The starting place for all issues with improving the handling of your bike has to be checking your position. If your bike is too big or small, too long or short, you will not be in a natural position to control it well. PBK recommends that you get a professional bike fit make sure that your bike is the right fit for you, because if it is not, no matter how much you practice you will never have the fluidity on a bike that a professional rider does.

As Fausto Coppi said, if you want to improve as a cyclist you need to “ride the bike, ride the bike, ride the bike.” Slightly obvious yes, but the whether you want to get fitter or improve your general riding then the principle is the same. One drill which you can perform to improve your skill and handling on the bike is to learn how to ride slowly on it. When riding fast we have momentum and the gyroscopic effect of the wheels to aid us. It is only when we ride slowly that we can see who has more experience at balancing a bike. When the speed drops the slightest movement of your body will change the balance of the bike. So by doing this more you will naturally improve at it. PBK recommends finding somewhere quiet, wearing tennis shoes (so you can dab a foot quickly), naturally wearing your helmet, and just practicing riding slowly. Whether you ride in circles or figures of 8 the aim is to see how slowly you can go.

Naturally this will be hard at the start, you will panic, think that you are falling and dab a foot. Do this a few times and before you know it you will be comfortable keeping your balance at slow speeds. Once you have mastered this you can progress onto using your skills on the open roads, at junctions whilst clipped it. But remember a spud thud, the panic to get your foot unclipped when you are trying to balance, is embarrassing when done in a line of traffic or a group ride.
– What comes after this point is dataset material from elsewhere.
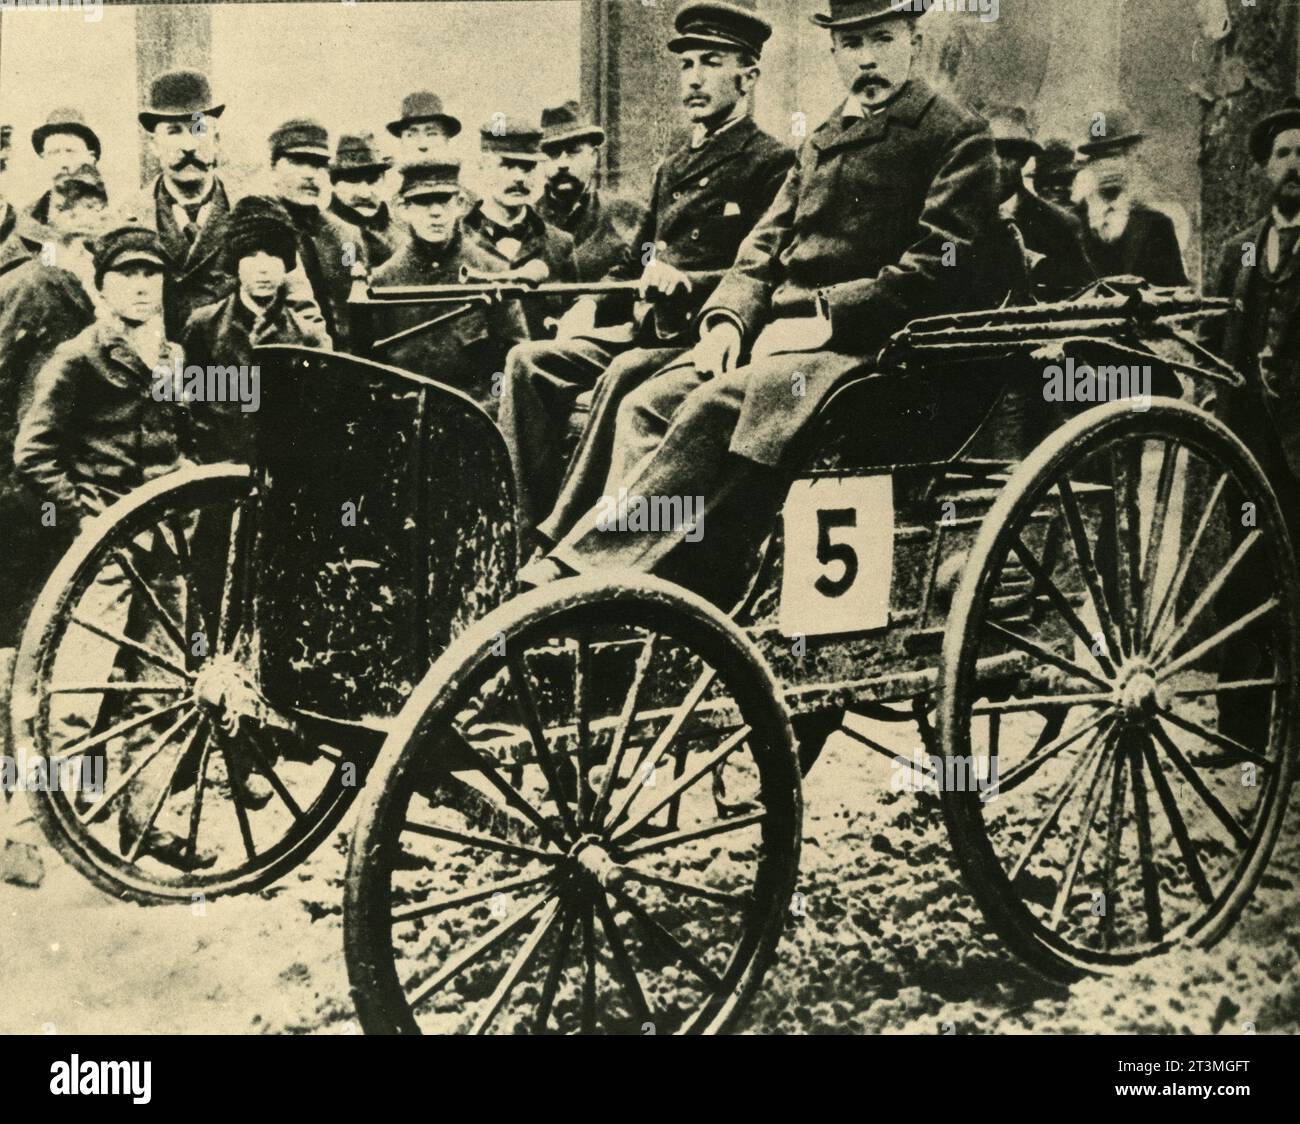 American engineers Charles and J. Frank Duryea onboard the motorized wagon winning the Chicago Times-Herald race, USA 1895 Stock Photo

Another drill to feel more comfortable on your bike is to practice cornering it. Riding in a straight line is easy, but when we have to bank our bikes over to get around a corner things can be more frightening, your 23mm tyres seeming very thin when you lean them over. The next time you find a small and quiet roundabout on a ride, go around it a few times. This will get you used to the sensation of going around a corner on a bike. Because roundabouts tend to be flat you will have to pedal around it, not only increasing your training kilometres, but also getting you usedto, and aware as to what happens to your bike as you pedal through a corner.

With the winter months upon us and the bad weather the final drill can sort out two issues in one. Winter weather is not fun to ride in on the road, but if you decided to ride off road (on a mountain bike or cyclo cross bike) you will stay warmer because of a higher work rate and also slower speeds. Riding off road is a quick way to improve your general bike handling on the road. How do you think Cadel Evans got his skills for descending like a rocket? Correct, from his years of riding off road. The mud, gravel, grit and general lack of grip teaches you quickly the need to relax on a bike. If you fight a bike when it is sliding, 9 times out of 10 you will crash. If you relax then many times the bike will fine its natural path and grip.

With a little work and following some of the drills above you can go from the wobbling liability in the group ride to the smooth expert, floating down the road, confident and relaxed.